# Available data:
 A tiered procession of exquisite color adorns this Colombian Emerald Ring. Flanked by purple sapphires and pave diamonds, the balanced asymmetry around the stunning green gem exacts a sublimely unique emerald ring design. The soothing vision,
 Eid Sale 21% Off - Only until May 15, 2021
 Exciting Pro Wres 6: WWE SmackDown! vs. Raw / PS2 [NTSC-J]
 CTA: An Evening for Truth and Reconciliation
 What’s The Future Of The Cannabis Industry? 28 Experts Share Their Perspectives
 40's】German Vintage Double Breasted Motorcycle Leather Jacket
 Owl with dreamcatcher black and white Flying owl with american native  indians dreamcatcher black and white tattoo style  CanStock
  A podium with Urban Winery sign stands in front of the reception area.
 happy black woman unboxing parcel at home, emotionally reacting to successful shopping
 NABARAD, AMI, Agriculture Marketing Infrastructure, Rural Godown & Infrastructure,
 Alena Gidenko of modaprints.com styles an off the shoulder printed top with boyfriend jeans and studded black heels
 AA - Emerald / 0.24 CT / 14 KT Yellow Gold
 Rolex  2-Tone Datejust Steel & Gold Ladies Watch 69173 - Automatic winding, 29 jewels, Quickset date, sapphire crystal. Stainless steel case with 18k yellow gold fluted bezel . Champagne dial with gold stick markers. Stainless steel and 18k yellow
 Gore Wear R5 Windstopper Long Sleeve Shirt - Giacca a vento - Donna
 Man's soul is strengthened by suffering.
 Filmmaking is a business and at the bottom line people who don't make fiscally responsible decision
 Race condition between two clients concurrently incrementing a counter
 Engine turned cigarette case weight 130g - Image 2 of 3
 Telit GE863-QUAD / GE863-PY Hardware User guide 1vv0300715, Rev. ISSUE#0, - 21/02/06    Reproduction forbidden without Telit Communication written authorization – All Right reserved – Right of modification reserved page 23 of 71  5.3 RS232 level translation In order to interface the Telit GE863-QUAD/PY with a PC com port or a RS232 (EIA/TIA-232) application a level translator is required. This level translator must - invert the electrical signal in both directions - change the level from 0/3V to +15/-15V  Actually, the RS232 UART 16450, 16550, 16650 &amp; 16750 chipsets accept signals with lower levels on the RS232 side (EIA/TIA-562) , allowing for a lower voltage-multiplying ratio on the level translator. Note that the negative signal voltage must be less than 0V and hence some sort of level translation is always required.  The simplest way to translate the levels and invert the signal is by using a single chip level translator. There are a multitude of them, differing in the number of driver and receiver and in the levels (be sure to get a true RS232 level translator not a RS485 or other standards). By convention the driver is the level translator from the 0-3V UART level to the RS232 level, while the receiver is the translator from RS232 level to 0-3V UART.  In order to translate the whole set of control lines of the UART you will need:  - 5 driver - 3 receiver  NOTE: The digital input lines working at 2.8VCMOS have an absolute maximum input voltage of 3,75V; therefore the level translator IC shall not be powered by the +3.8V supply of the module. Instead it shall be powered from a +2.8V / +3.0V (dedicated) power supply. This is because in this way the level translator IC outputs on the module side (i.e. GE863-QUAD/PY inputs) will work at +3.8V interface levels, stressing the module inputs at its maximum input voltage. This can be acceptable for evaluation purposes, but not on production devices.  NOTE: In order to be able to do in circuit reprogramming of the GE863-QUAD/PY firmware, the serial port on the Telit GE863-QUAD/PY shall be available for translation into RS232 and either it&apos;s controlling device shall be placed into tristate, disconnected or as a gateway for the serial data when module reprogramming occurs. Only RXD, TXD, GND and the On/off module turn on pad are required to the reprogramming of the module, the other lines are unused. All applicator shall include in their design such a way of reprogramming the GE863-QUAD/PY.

# What you need to do:
Everything above from the line containing "AA - Emerald / 0.24 CT / 14 KT Yellow Gold" down to the line containing "Engine turned cigarette" is to be transcribed exactly, with both of those lines included and nothing else added.

# Solution to this exercise:
 AA - Emerald / 0.24 CT / 14 KT Yellow Gold
 Rolex  2-Tone Datejust Steel & Gold Ladies Watch 69173 - Automatic winding, 29 jewels, Quickset date, sapphire crystal. Stainless steel case with 18k yellow gold fluted bezel . Champagne dial with gold stick markers. Stainless steel and 18k yellow
 Gore Wear R5 Windstopper Long Sleeve Shirt - Giacca a vento - Donna
 Man's soul is strengthened by suffering.
 Filmmaking is a business and at the bottom line people who don't make fiscally responsible decision
 Race condition between two clients concurrently incrementing a counter
 Engine turned cigarette case weight 130g - Image 2 of 3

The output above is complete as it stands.